AI-Driven Prediction of Tuberculosis Treatment Failure in Subtropical Ecuador: A Retrospective Cohort Study Comparing Logistic Regression, Random Forest, and Artificial Neural Networks

Authors

DOI:

https://doi.org/10.70099/BJ/2026.03.01.2

Keywords:

Tuberculosis; Treatment failure; Treatment outcomes; Risk prediction; Machine learning; Logistic regression; Random forest; Artificial neural network; SMOTE; Retrospective cohort; Ecuador; Public health surveillance

Abstract

Tuberculosis (TB) remains a major global health challenge, and treatment failure continues to undermine control efforts by prolonging transmission and increasing the risk of drug resistance. This study evaluated clinical and demographic predictors of TB treatment outcomes and compared statistical and machine-learning models to predict treatment failure in a subtropical Ecuadorian setting. We conducted a retrospective cohort analysis using routinely collected program data from a Ministry of Health primary care facility (Augusto Egas Type C Health Center, Santo Domingo de los Tsáchilas, Ecuador) covering TB cases treated from 2002 to 2024. Adults aged 18–64 years were analyzed (n=922). Candidate predictors included age, sex, baseline weight, HIV screening status, TB type (pulmonary/extrapulmonary), employment status, and prior TB history (relapse, previous abandonment, previous failure, and loss to follow-up), among others. Models were trained and evaluated under two scenarios: (i) the original imbalanced dataset and (ii) a class-balanced training set generated with SMOTE to mitigate the minority-class (failure) underrepresentation. We compared binary logistic regression, random forest, and a two-hidden-layer artificial neural network using accuracy, sensitivity, specificity, precision, F1-score, balanced accuracy, Cohen’s kappa, and AUC-ROC. In the imbalanced scenario, models showed strong bias toward treatment success, yielding very low or null sensitivity for failure detection. After SMOTE balancing, logistic regression achieved the most balanced performance (accuracy 0.711; sensitivity 0.44; specificity 0.7548; precision 0.2245; F1-score 0.2973; AUC-ROC 0.6591; kappa 0.1389), outperforming random forests and neural networks in identifying failures.

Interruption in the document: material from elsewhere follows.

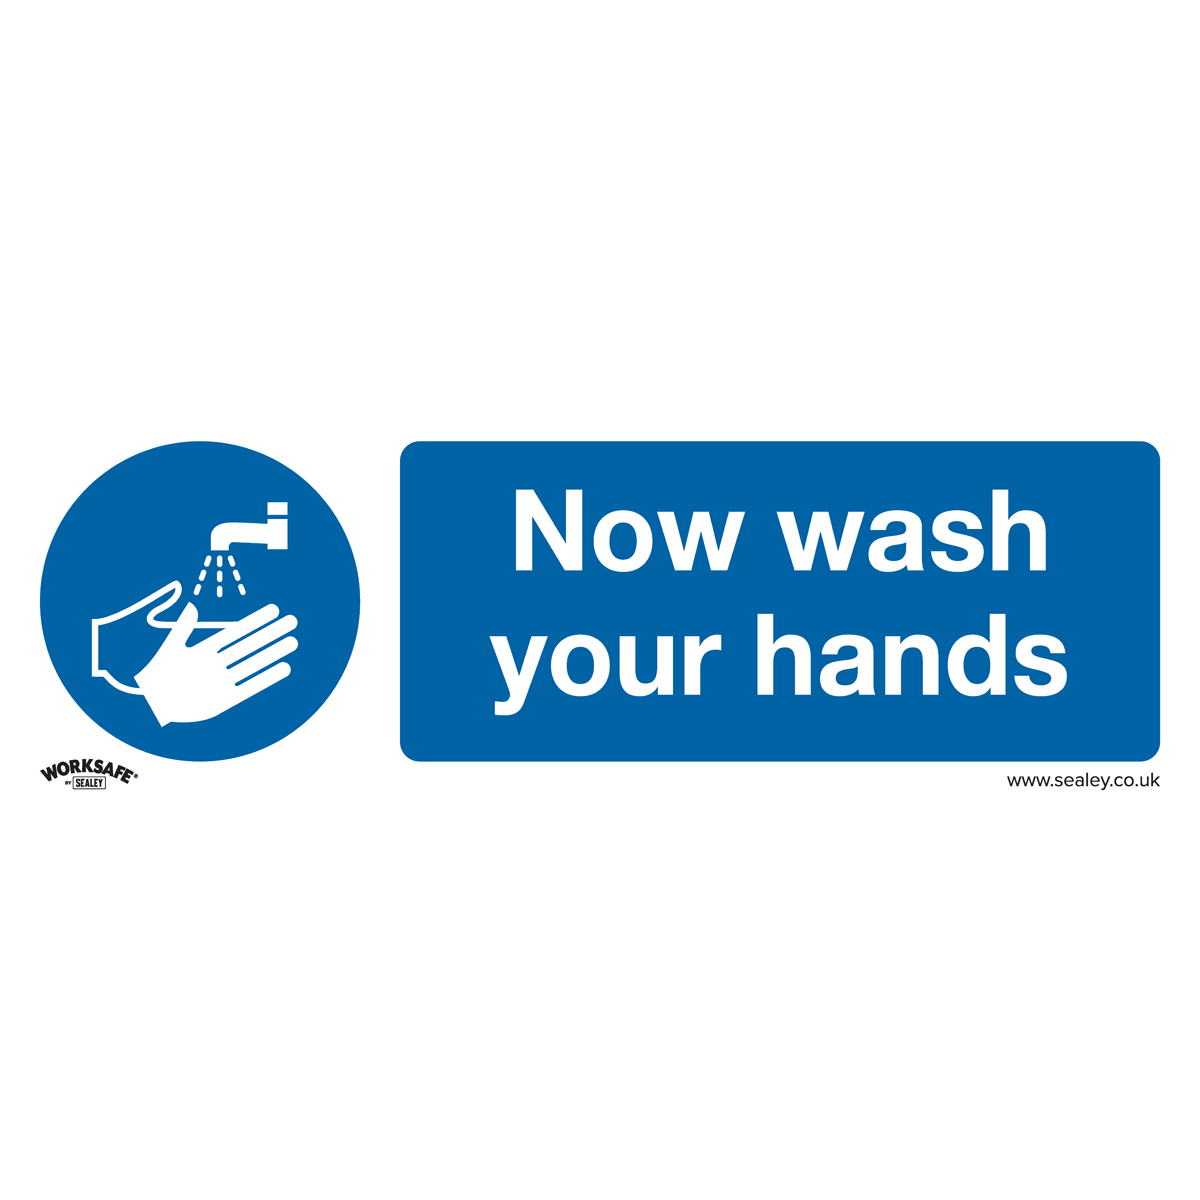 Mandatory Safety Sign - Now Wash Your Hands - Rigid Plastic - Pack of 10 - SS5P10 - Farming Parts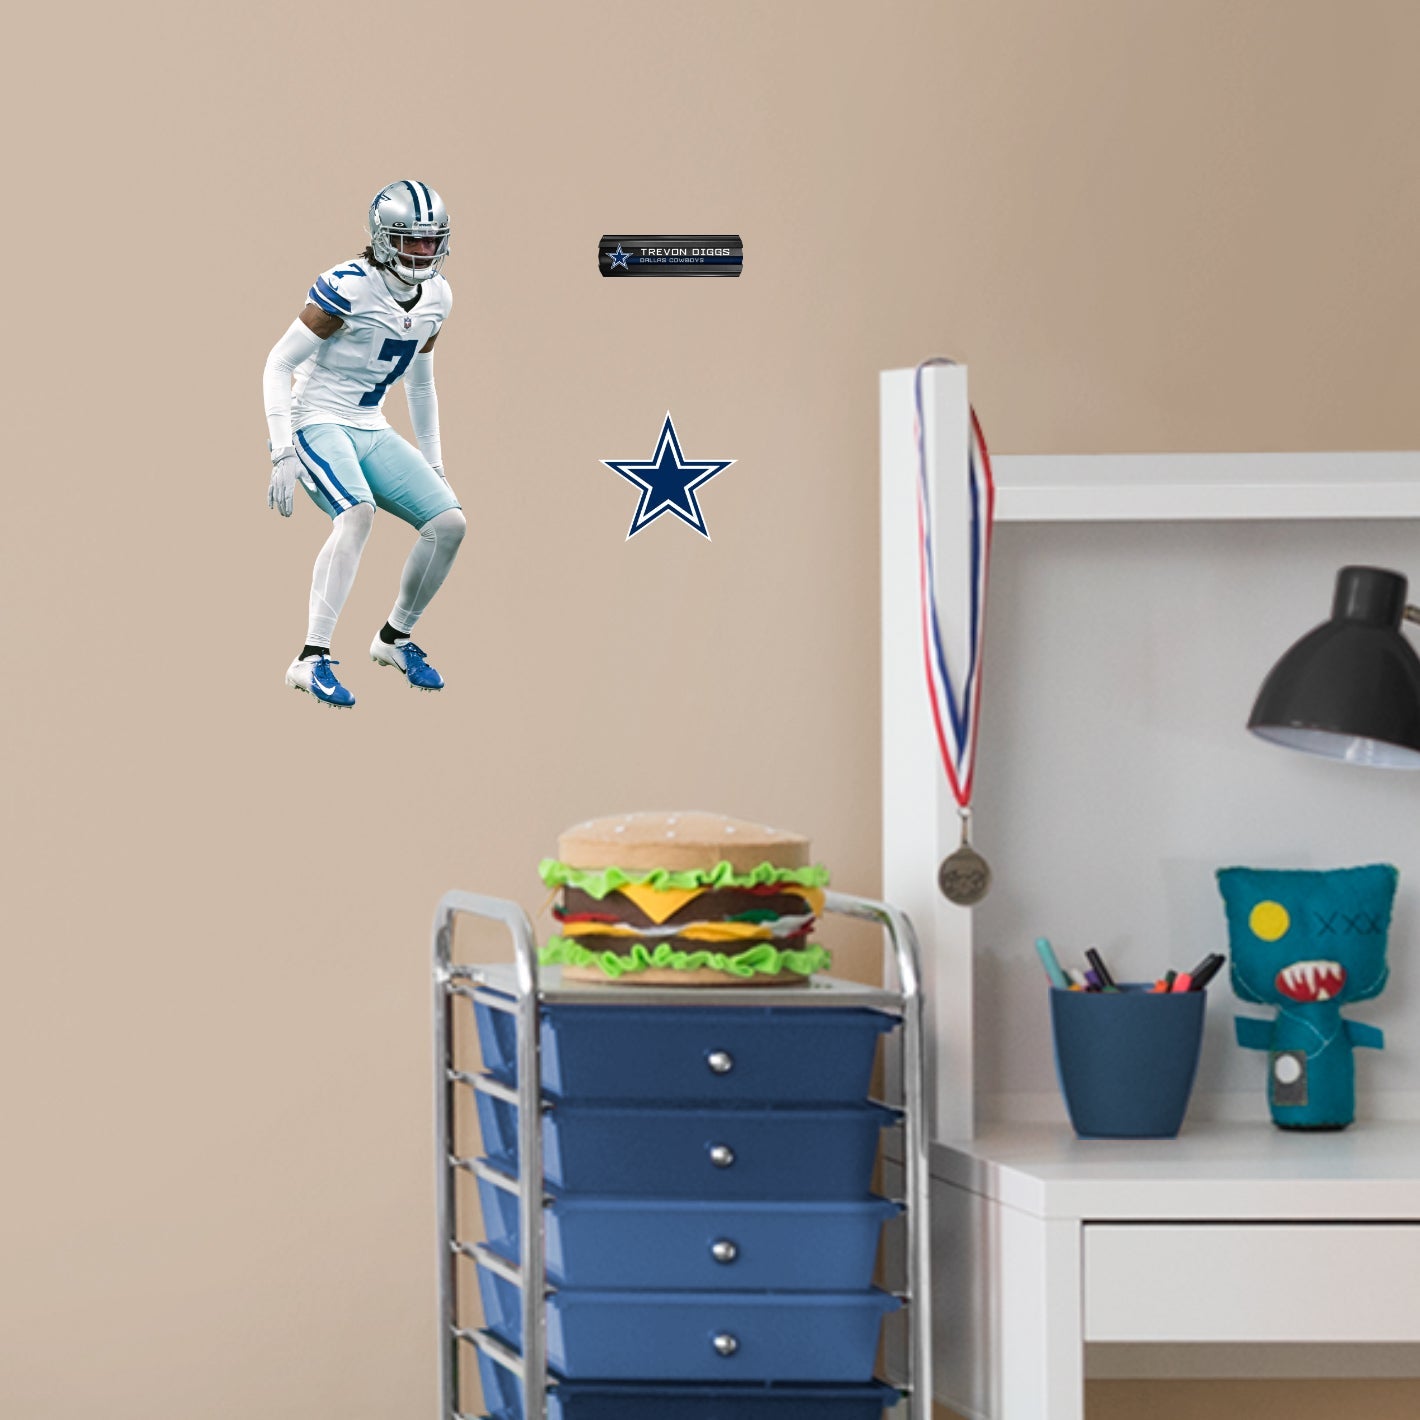 Dallas Cowboys: Trevon Diggs - Officially Licensed NFL Removable Adhesive Decal

Overall discrimination remained moderate, indicating that additional predictive variables and external validation are needed before clinical deployment. These findings support interpretable baseline modeling as a practical foundation for risk stratification in TB programs in similar resource-constrained contexts.

References

1. World Health Organization. Estrategia Fin a la Tuberculosis: avances en la aplicación de la estrategia mundial y las metas para la prevención, la atención y el control de la tuberculosis. Informe del Director General. Consejo Ejecutivo 154.ª reunión, EB154/10 [Internet]. Ginebra: Organización Mundial de la Salud; 2023 [cited 2026 Feb 12]. Available from: https://apps.who.int/gb/ebwha/pdf_files/EB154/B154_10-sp.pdf

2. World Health Organization. Tuberculosis incidence (per 100 000 population): Ecuador [Internet]. WHO Data; [cited 2026 Feb 12]. Available from: https://data.who.int/countries/218

3. Ministerio de Salud Pública del Ecuador. Guía de práctica clínica: tamizaje y diagnóstico de la tu-berculosis [Internet]. Quito: Ministerio de Salud Pública; 2024 [cited 2026 Feb 12]. Available from: https://www.salud.gob.ec/wp-content/uploads/2024/04/GPC-tamizaje-y-diagnostico-de-tuberculosis.pdf

4. Muñoz Roca OA, Moreno Gaona AJ. Abandono al tratamiento antifímico en pacientes atendidos en un Centro de Salud Público de Guayaquil. Rev Med Investig Clin Guayaquil. 2023;4(6):9-15. doi:10.51597/rmicg.v4i6.132.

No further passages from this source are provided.